It’s often easier to do what sounds good than to act pragmatically. Case in point: the announcement by the Long Beach Police Department that it will be “providing additional patrols at and around theaters” as a response to the mass shooting in Aurora, Colorado.
What happened last week was both horrific and frustrating and one’s immediate reaction is to want to do something—avoid crowded places, take up arms, call 9-1-1 to report every black-clad figure, maybe even (gasp!) change our gun laws. It’s discomforting and unsatisfying to admit that any wacko who wants to walk into a cinema and start shooting people is going to find ample opportunity to do just that.
The basic job of the police is to protect and serve, but however much they want to, protecting us from such occurrences is not within their powers. Deputy Chief Richard Luna admits as much in the department’s announcement: “[W]e are always concerned a violent act of this scale could occur at a place where the public gathers,” he says. “We hope a tragedy like this never takes place in our community, but we continuously train and are prepared to respond should this type of situation ever arise.”
Respond. Because this is all the police can do to such a terrible act, it’s probably not in the city’s best interests for the LBPD to deploy its too-limited resources as if the truth is otherwise, no matter how good the shift feels on the surface. Especially when those resources might be used to mitigate the less dramatic but far more common dangers that kill exponentially more people.
Let us imagine that 2012 is a record year for mass murders at movie theaters in the United States, that from now through the end of the year there are 20 copycat crimes, with each attack leaving 50 people dead. With 1,000 souls lost, police forces all over the country would mobilize to do something, anything in the attempt to stop the carnage.

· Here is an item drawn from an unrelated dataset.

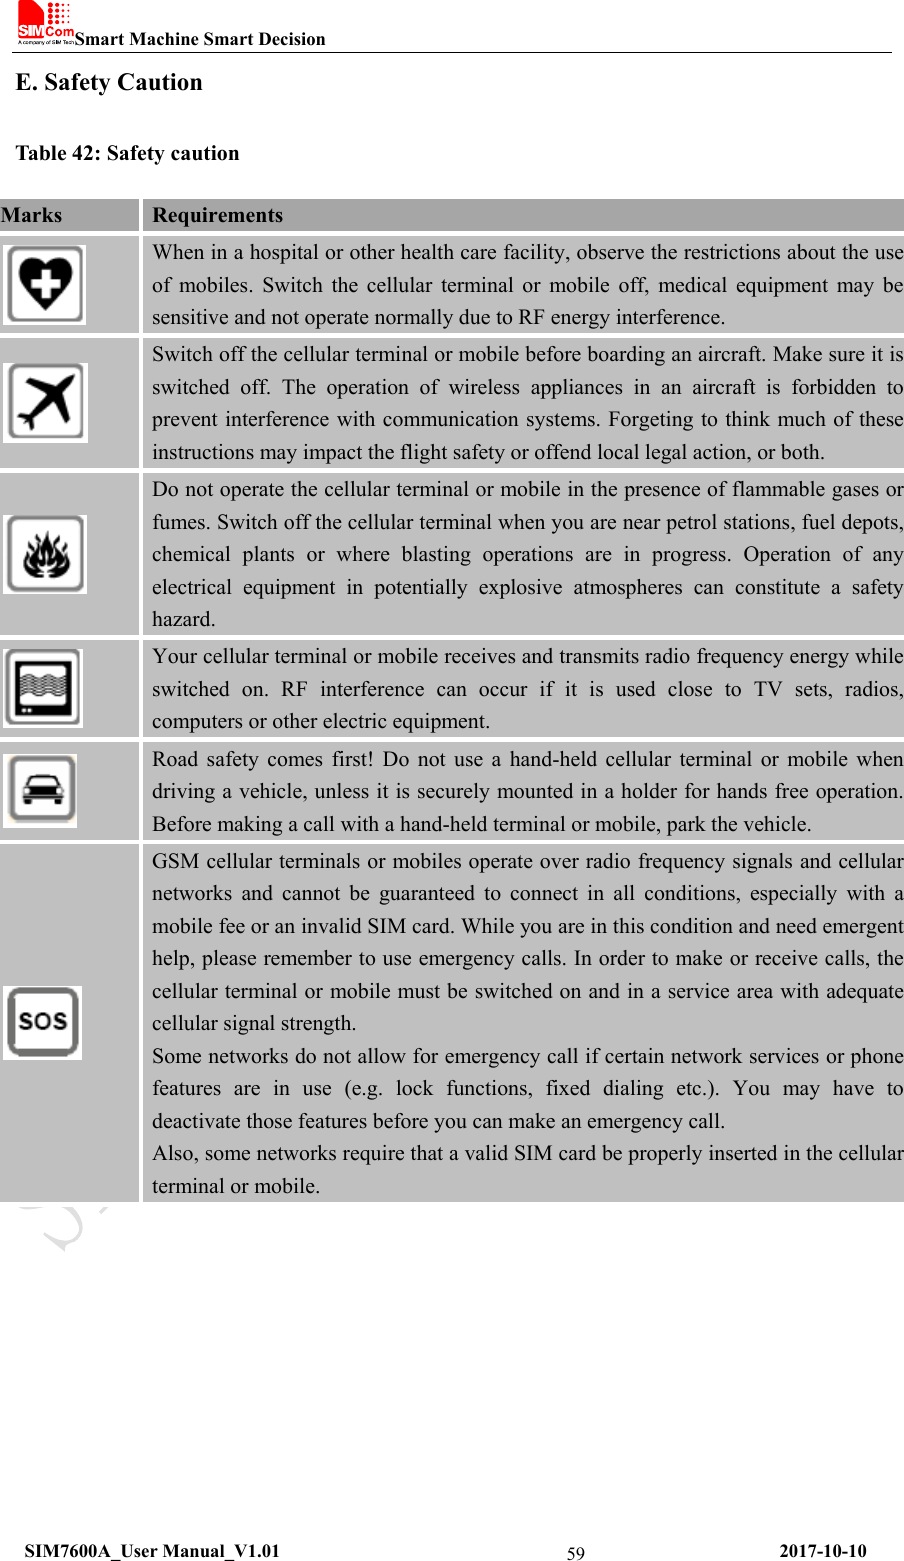 Smart Machine Smart Decision  SIM7600A_User Manual_V1.01                                                     2017-10-10 59E. Safety Caution Table 42: Safety caution Marks  Requirements  When in a hospital or other health care facility, observe the restrictions about the use of mobiles. Switch the cellular terminal or mobile off, medical equipment may be sensitive and not operate normally due to RF energy interference.  Switch off the cellular terminal or mobile before boarding an aircraft. Make sure it is switched off. The operation of wireless appliances in an aircraft is forbidden to prevent interference with communication systems. Forgeting to think much of these instructions may impact the flight safety or offend local legal action, or both.  Do not operate the cellular terminal or mobile in the presence of flammable gases or fumes. Switch off the cellular terminal when you are near petrol stations, fuel depots, chemical plants or where blasting operations are in progress. Operation of any electrical equipment in potentially explosive atmospheres can constitute a safety hazard.  Your cellular terminal or mobile receives and transmits radio frequency energy while switched on. RF interference can occur if it is used close to TV sets, radios, computers or other electric equipment.  Road safety comes first! Do not use a hand-held cellular terminal or mobile when driving a vehicle, unless it is securely mounted in a holder for hands free operation. Before making a call with a hand-held terminal or mobile, park the vehicle.  GSM cellular terminals or mobiles operate over radio frequency signals and cellular networks and cannot be guaranteed to connect in all conditions, especially with a mobile fee or an invalid SIM card. While you are in this condition and need emergent help, please remember to use emergency calls. In order to make or receive calls, the cellular terminal or mobile must be switched on and in a service area with adequate cellular signal strength. Some networks do not allow for emergency call if certain network services or phone features are in use (e.g. lock functions, fixed dialing etc.). You may have to deactivate those features before you can make an emergency call. Also, some networks require that a valid SIM card be properly inserted in the cellular terminal or mobile.

Funny thing is, 1,000 deaths per year is estimated to be no more than 50 percent—and perhaps as little at 12 percent, depending on the study—of the number of fatalities resulting each year from texting while driving.
The point here is not to lambast the police for taking too little interest in preventing these thousands of deaths per year—our lawmakers are far more blameworthy for not imposing sufficiently stringent deterrents to such murderously negligent behavior—but simply to frame the Thin Blue Line’s focus in pragmatic terms.
Policing is a zero-sum game. Every resource put into play at X is a resource that cannot be used at Y. More focus at cinemas means less focus somewhere else. At least if providing additional patrols at and around theaters were a realistic prophylactic against copycat crimes, there might be some value in the shift of resources. But it’s not. And considering the nearly certain reality that somewhere in the neighborhood of 300 times fewer people will die in 2012 from theater shootings than from texting while driving—a constant practice on the streets of Long Beach—the public might be better protected and served were the LBPD to use those additional patrols to minimize the omnipresent and more destructive danger than the headline-grabbing nightmare that, like most nightmares, is extremely unlikely to manifest.
Often enough, staying the pragmatic course will run counter to the reflexive response one may have to a dramatic occurrence. The LBPD is undoubtedly well intended in its current redeployment of resources, but let us hope the redeployment is short-lived, because the department has too few resources to combat the dangerous criminal activity occurring daily in our city (texting while driving being one example among many), even without diverting any in the direction of an extremely unlikely crime that they are powerless to prevent.